With the above we use the design matrix to define the approximation \( \boldsymbol{\tilde{y}} \) via the unknown quantity \( \boldsymbol{\beta} \) as

$$ \boldsymbol{\tilde{y}}= \boldsymbol{X}\boldsymbol{\beta}, $$

and in order to find the optimal parameters \( \beta_i \) instead of solving the above linear algebra problem, we define a function which gives a measure of the spread between the values \( y_i \) (which represent hopefully the exact values) and the parameterized values \( \tilde{y}_i \), namely

$$ C(\boldsymbol{\beta})=\frac{1}{n}\sum_{i=0}^{n-1}\left(y_i-\tilde{y}_i\right)^2=\frac{1}{n}\left\{\left(\boldsymbol{y}-\boldsymbol{\tilde{y}}\right)^T\left(\boldsymbol{y}-\boldsymbol{\tilde{y}}\right)\right\}, $$

or using the matrix \( \boldsymbol{X} \) and in a more compact matrix-vector notation as

$$ C(\boldsymbol{\beta})=\frac{1}{n}\left\{\left(\boldsymbol{y}-\boldsymbol{X}\boldsymbol{\beta}\right)^T\left(\boldsymbol{y}-\boldsymbol{X}\boldsymbol{\beta}\right)\right\}. $$

This function is one possible way to define the so-called cost function.
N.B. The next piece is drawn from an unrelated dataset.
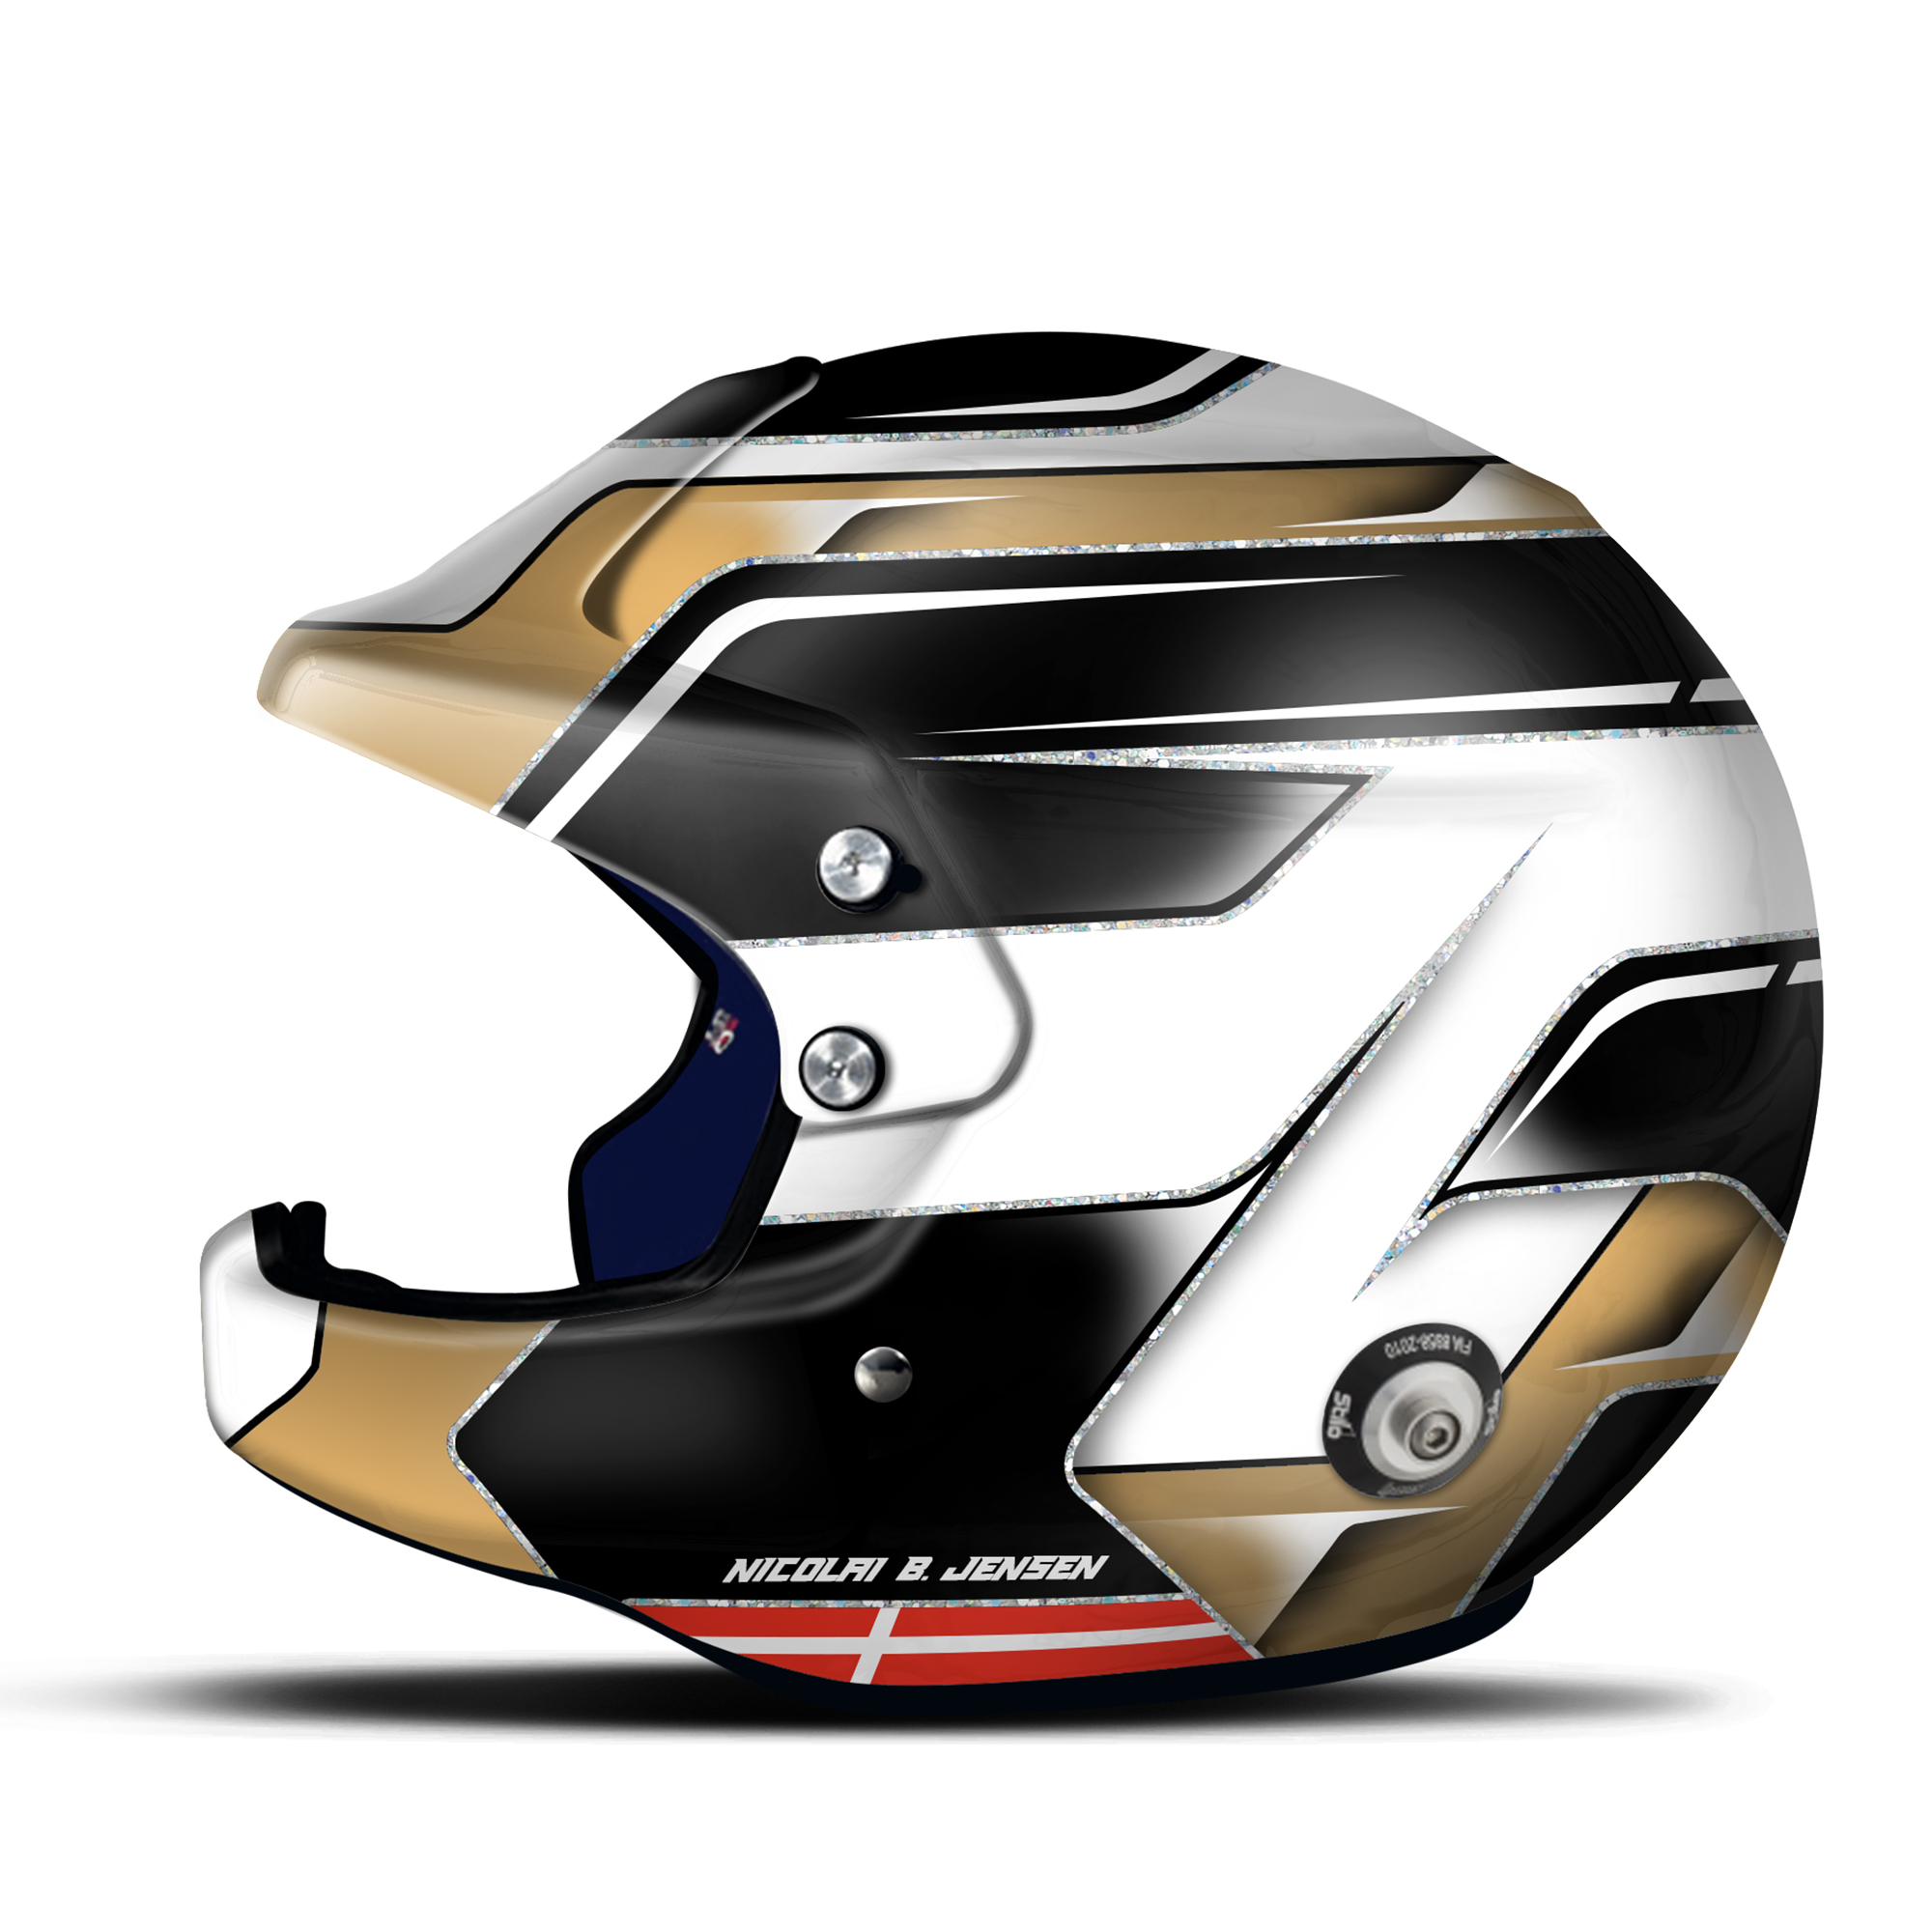 Stilo WRC helmet design

It is also common to define the function \( C \) as

$$ C(\boldsymbol{\beta})=\frac{1}{2n}\sum_{i=0}^{n-1}\left(y_i-\tilde{y}_i\right)^2, $$

since when taking the first derivative with respect to the unknown parameters \( \beta \), the factor of \( 2 \) cancels out.